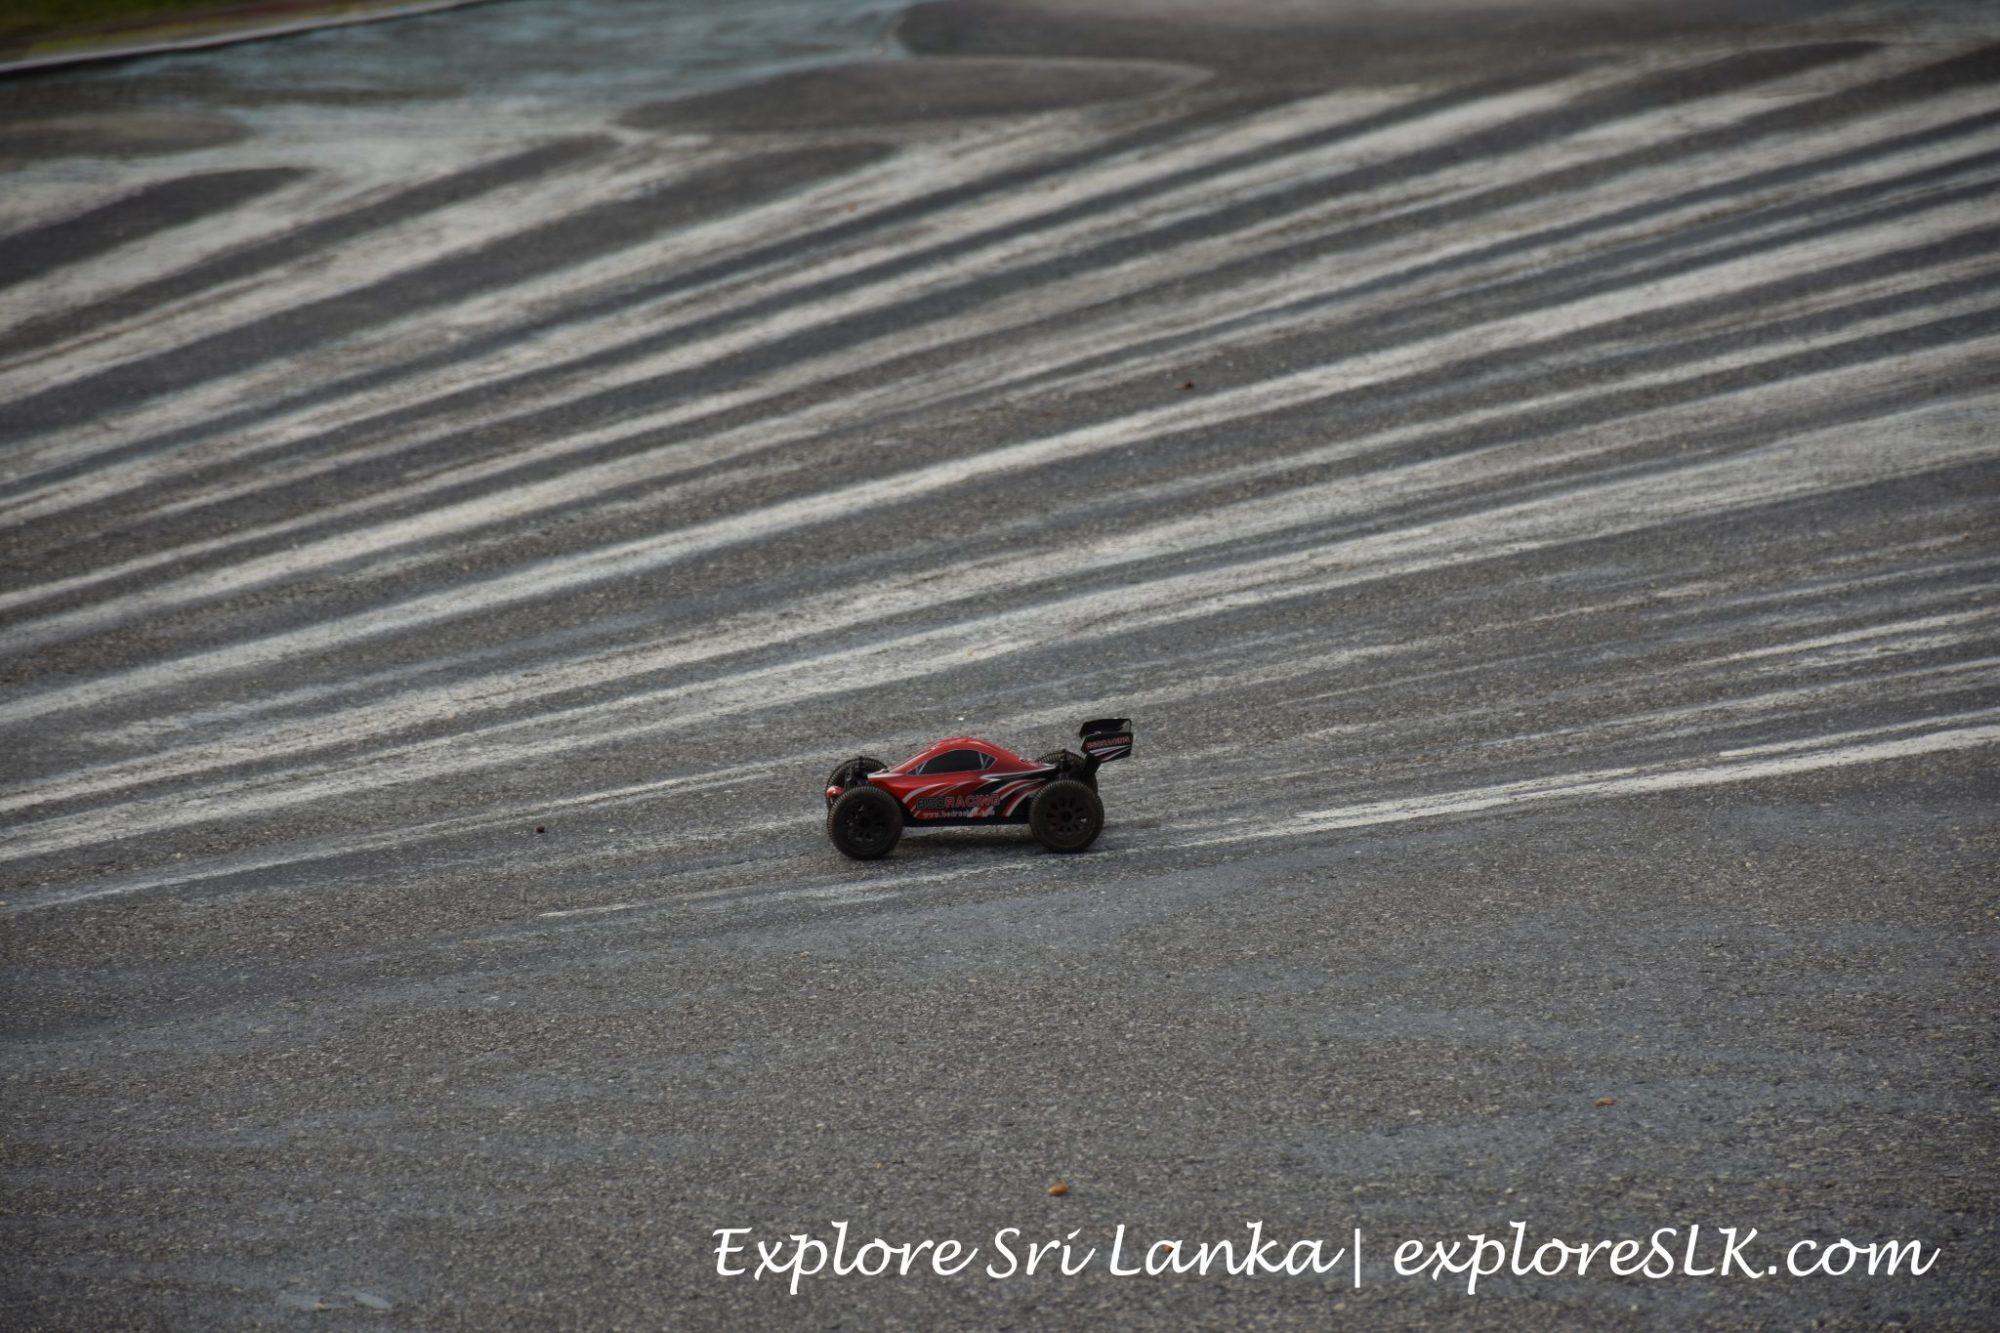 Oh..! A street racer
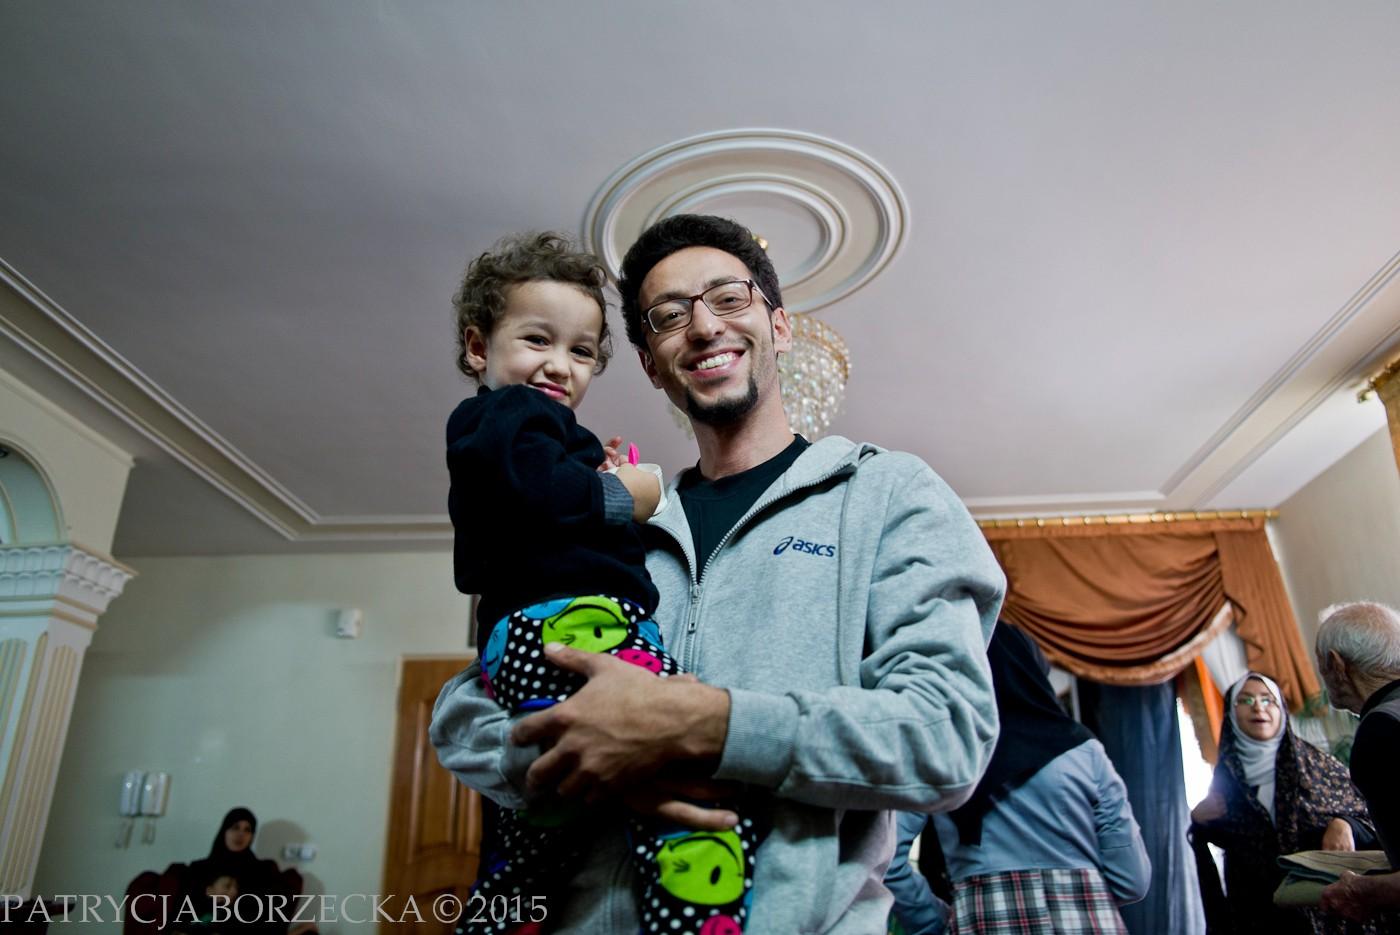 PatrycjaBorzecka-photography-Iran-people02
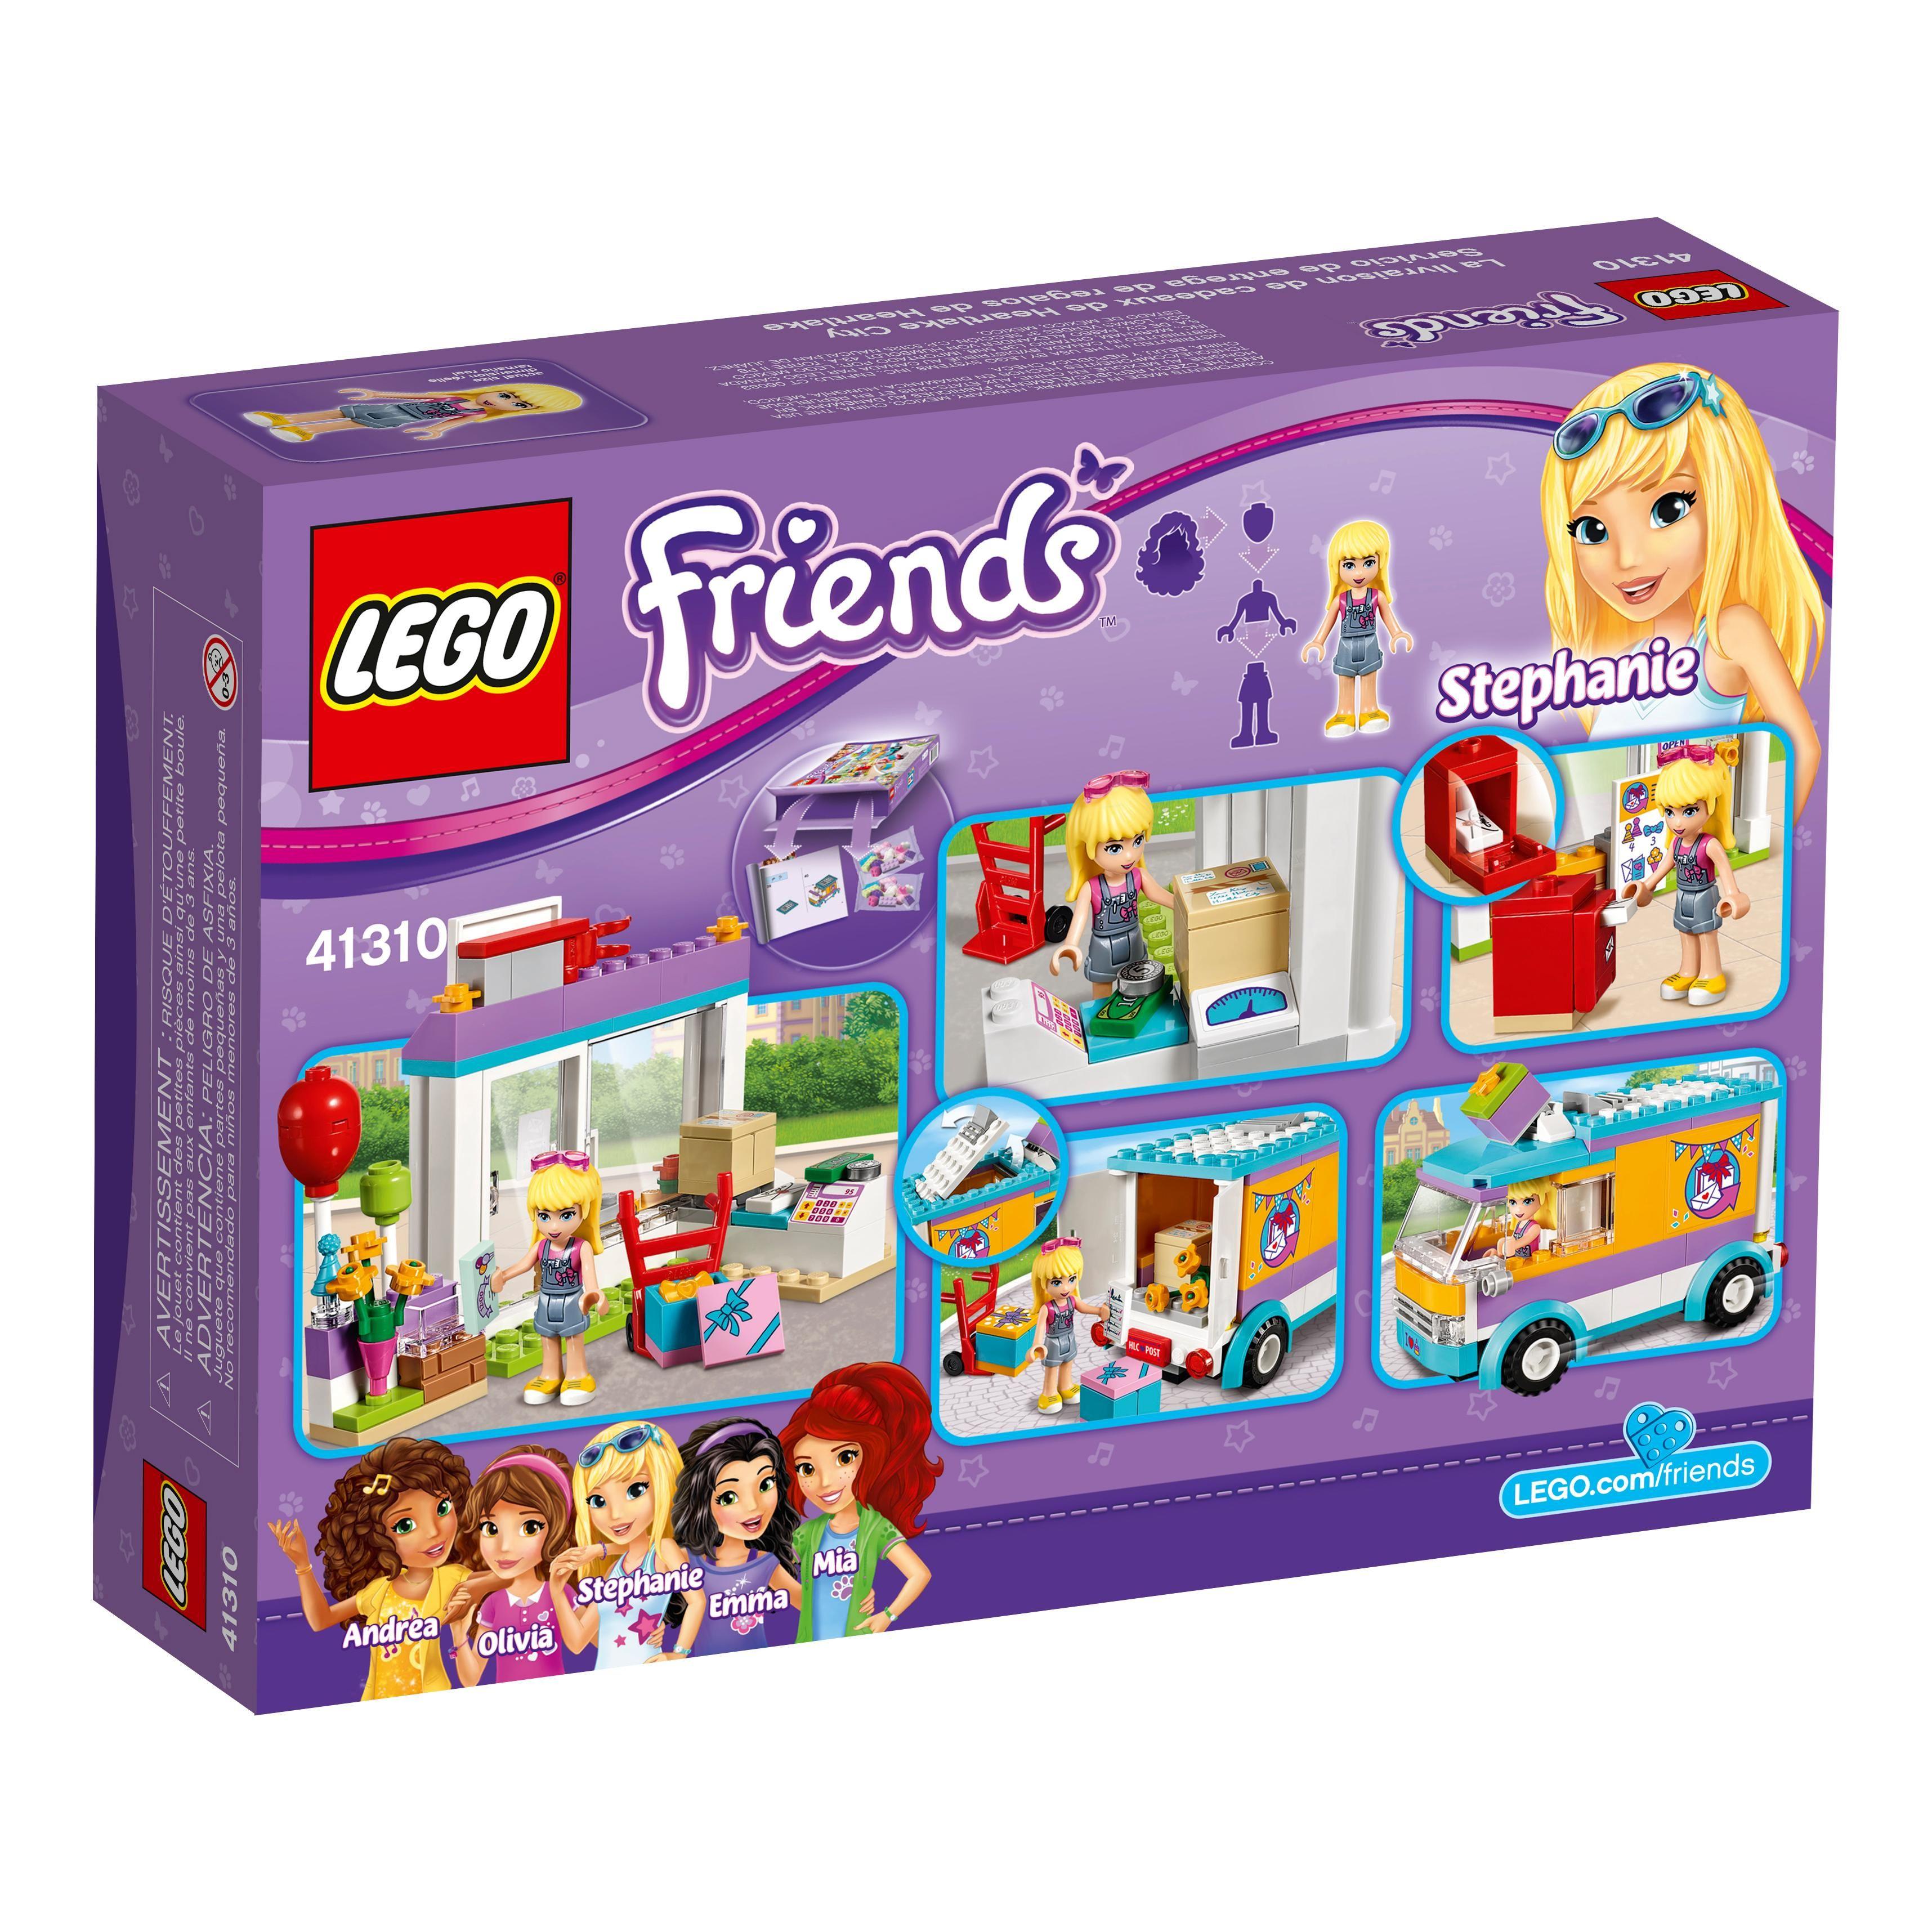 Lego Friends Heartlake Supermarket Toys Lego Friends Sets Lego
──────────────────────────────
Problem details: Beginning with the line where "PatrycjaBorzecka-photography-Iran-people02" appears, restate word for word every line down to the last one in the data, but keep the pictures out.

Answer below:
 PatrycjaBorzecka-photography-Iran-people02
 Lego Friends Heartlake Supermarket Toys Lego Friends Sets Lego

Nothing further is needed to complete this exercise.